11 de septiembre de 2015 / 15:25 / hace 2 años

Brazil still has time to avert 2nd junk downgrade, seen as bigger threat

3 MIN. DE LECTURA

RIO DE JANEIRO, Sept 11 (Reuters) - Standard & Poor's decision to strip Brazil of its investment-grade credit rating puts pressure on competing ratings firms to follow suit, but the government still has time to avert another downgrade to junk which would cost billions of dollars in foreign investment.

While many analysts consider it a matter of time before Fitch Ratings or Moody's Investors Service also cut Brazil to a "junk" or speculative rating, both agencies have signaled they are in no rush to make that move.

President Dilma Rousseff needs time to draw up and build a political consensus for unpopular budget cuts, especially as the economy is in its worst recession in a quarter century.

A second downgrade to junk would have greater market impact than the first one because many foreign pension funds and other large investors are required to unload bonds once two separate agencies rate them as speculative grade.

The move would also knock Brazilian assets out of benchmark high-grade indexes tracked by passive funds, whose goal is to merely match the performance of an index.

JP Morgan estimates passive investors would be forced to sell $1.5 billion worth of foreign debt issued by Brazilian companies and $800 million worth of sovereign debt. Overall, it estimates both active and passive investors yanking $20 billion out of sovereign and corporate debt.

Fitch Ratings, which currently rates Brazil two notches above junk level, said on Thursday that there are still "elements" supporting the country's investment grade even as the rating deteriorates.

Those include Brazil's economic diversity, per capita income levels and the government's net creditor position, "which remains the strongest in the triple-B category," Fitch analyst Shelly Shetty said at a conference in New York.

Her remarks practically ruled out the possibility of a two-notch downgrade for Brazil in coming months, suggesting that Fitch will likely cut the country's rating to BBB-minus, its lowest investment-grade level.

The agency could keep a negative outlook on the new rating, but that would still give Brazil some time before an actual downgrade to junk.
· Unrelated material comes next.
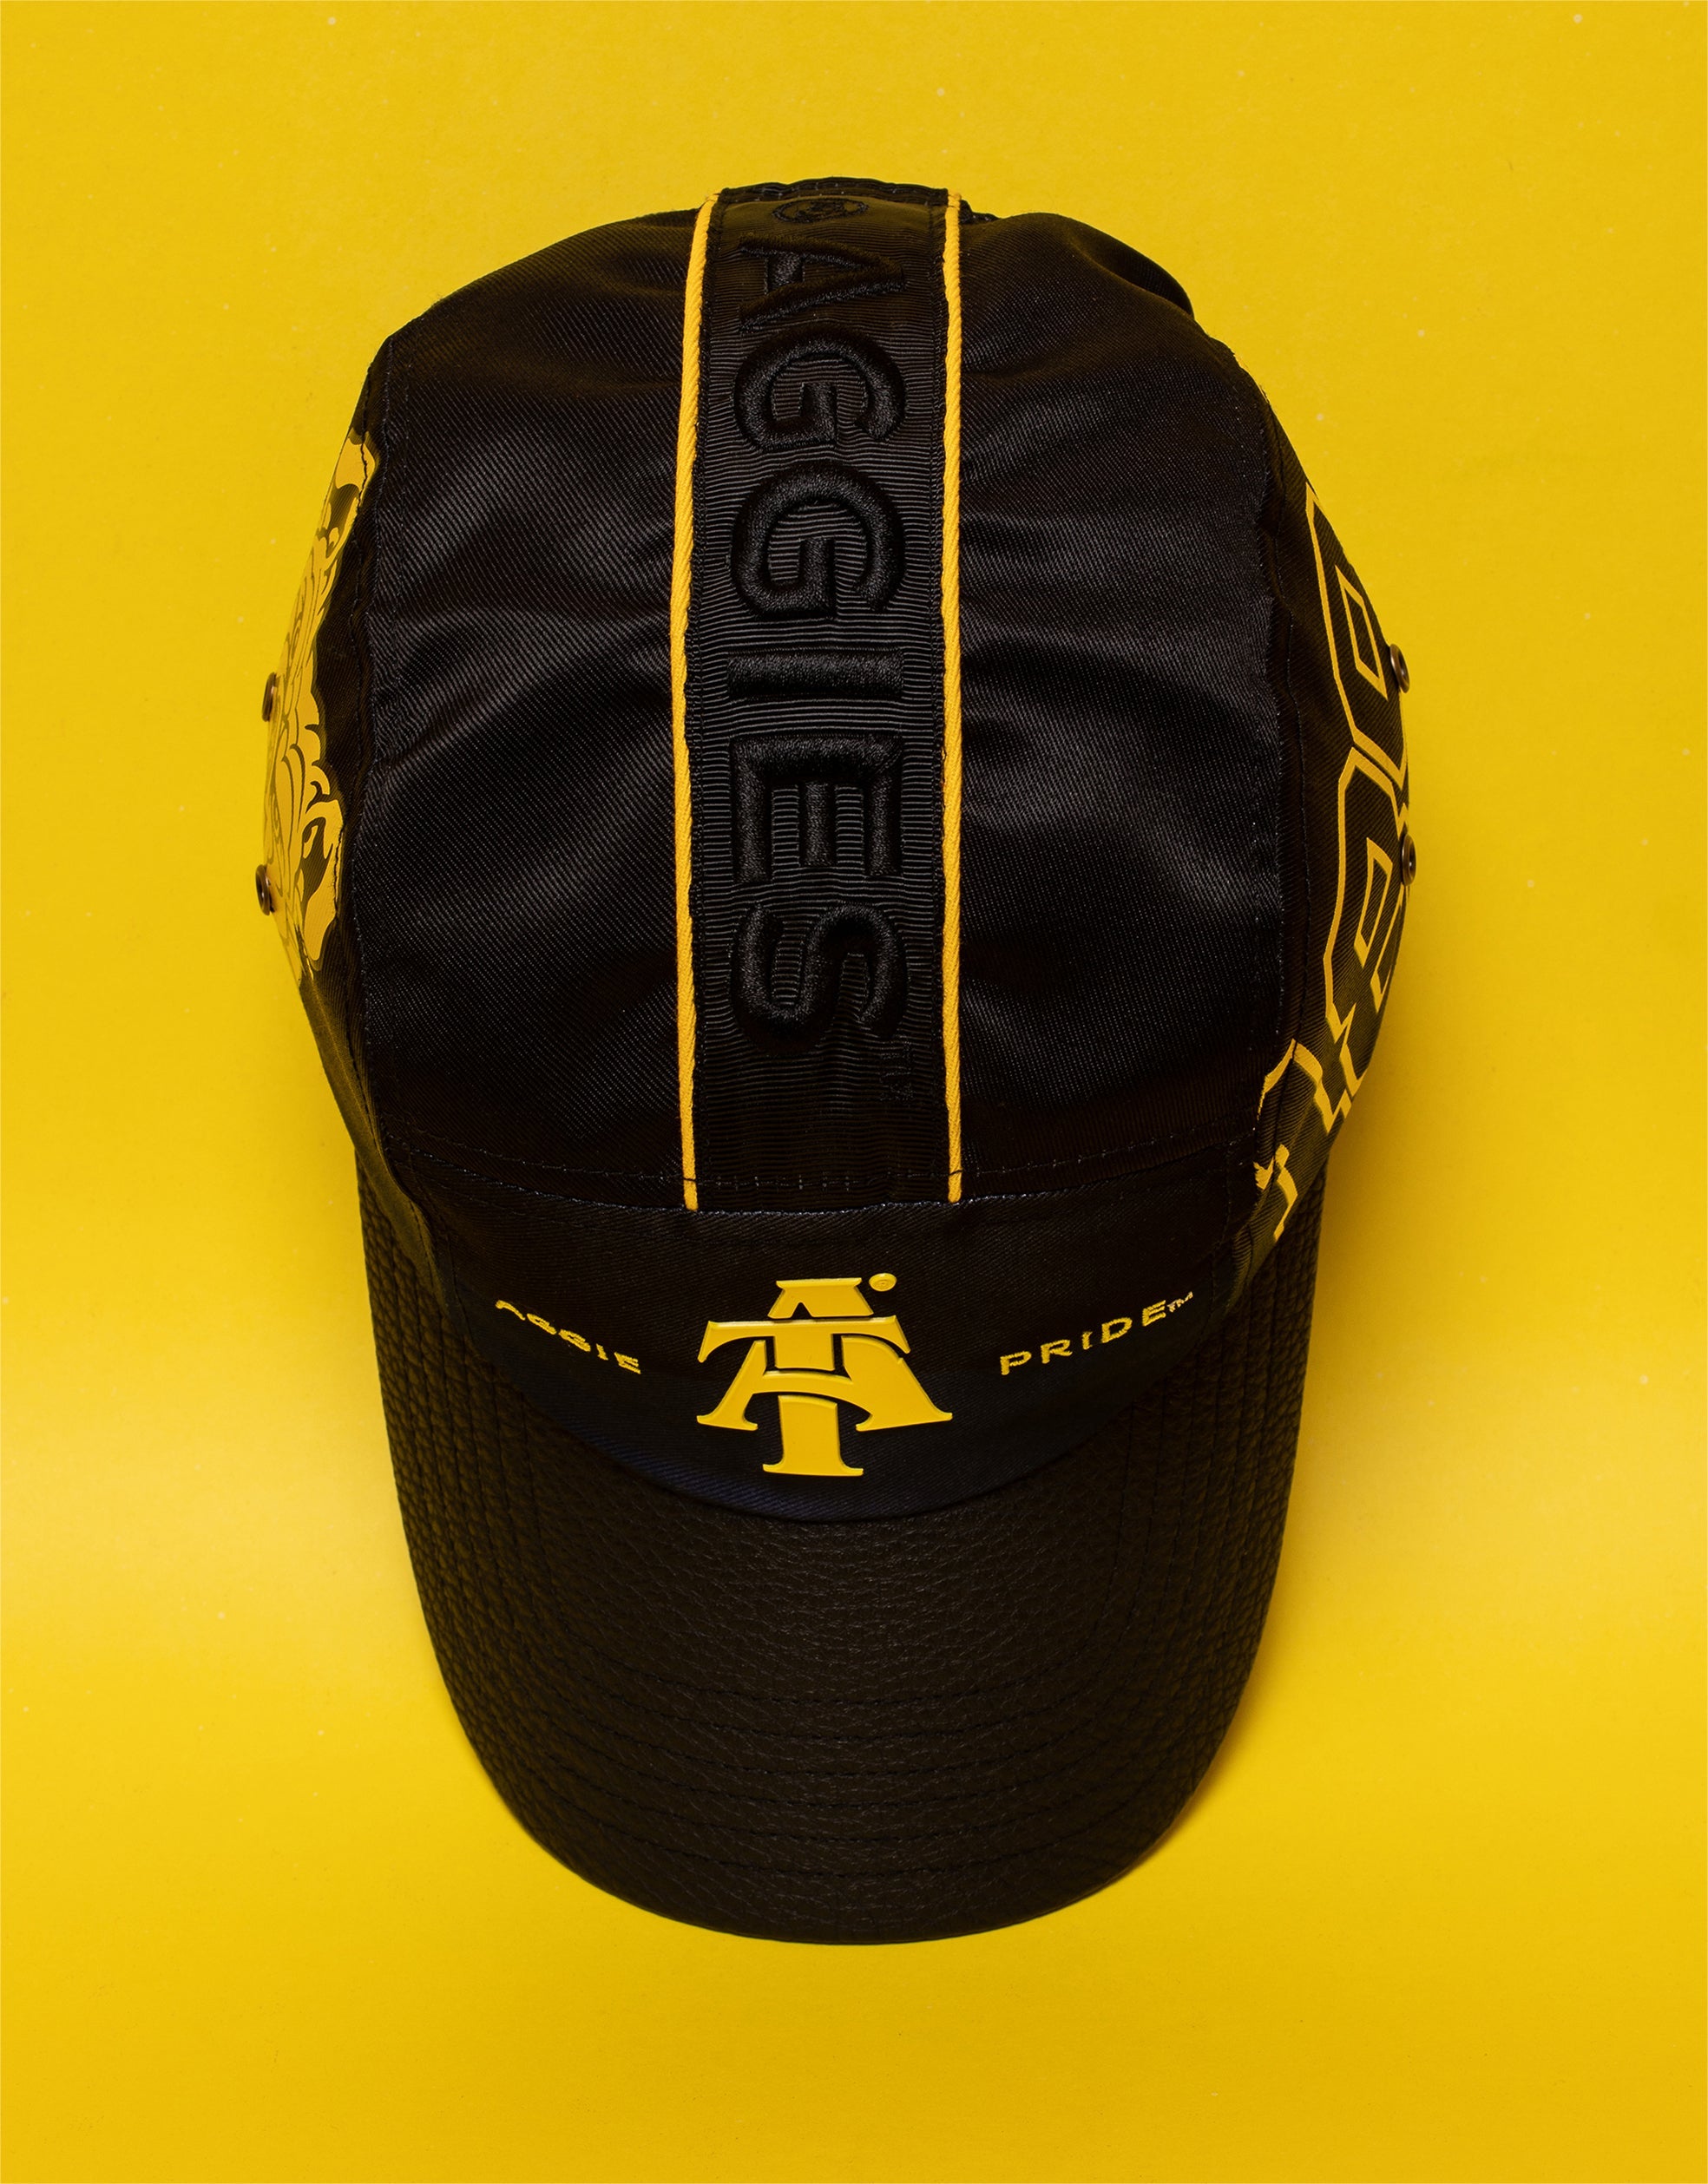 TheYard - BLACKOUT - North Carolina Agricultural &amp; Technical - HBCU Hat

Moody's downgraded Brazil to the brink of junk just a month ago, but it assigned a stable outlook on the new rating, saying Brazil's investment grade was safe for now.

Over time, the ratings assigned to Brazil by the "big three" agencies will likely converge, analysts and investors said. Pressure on Fitch and Moody's will mount if S&P downgrades Brazil deeper into junk territory, a possibility indicated by the negative rating outlook it assigned on Wednesday.

"The first aftershock of the S&P decision is that it creates a competitive situation between credit rating agencies, which means the current ratings misalignment will not last for long," said Jorge Simino, who oversees 23 billion reais ($6 billion) at Brazilian pension fund Fundacao Cesp.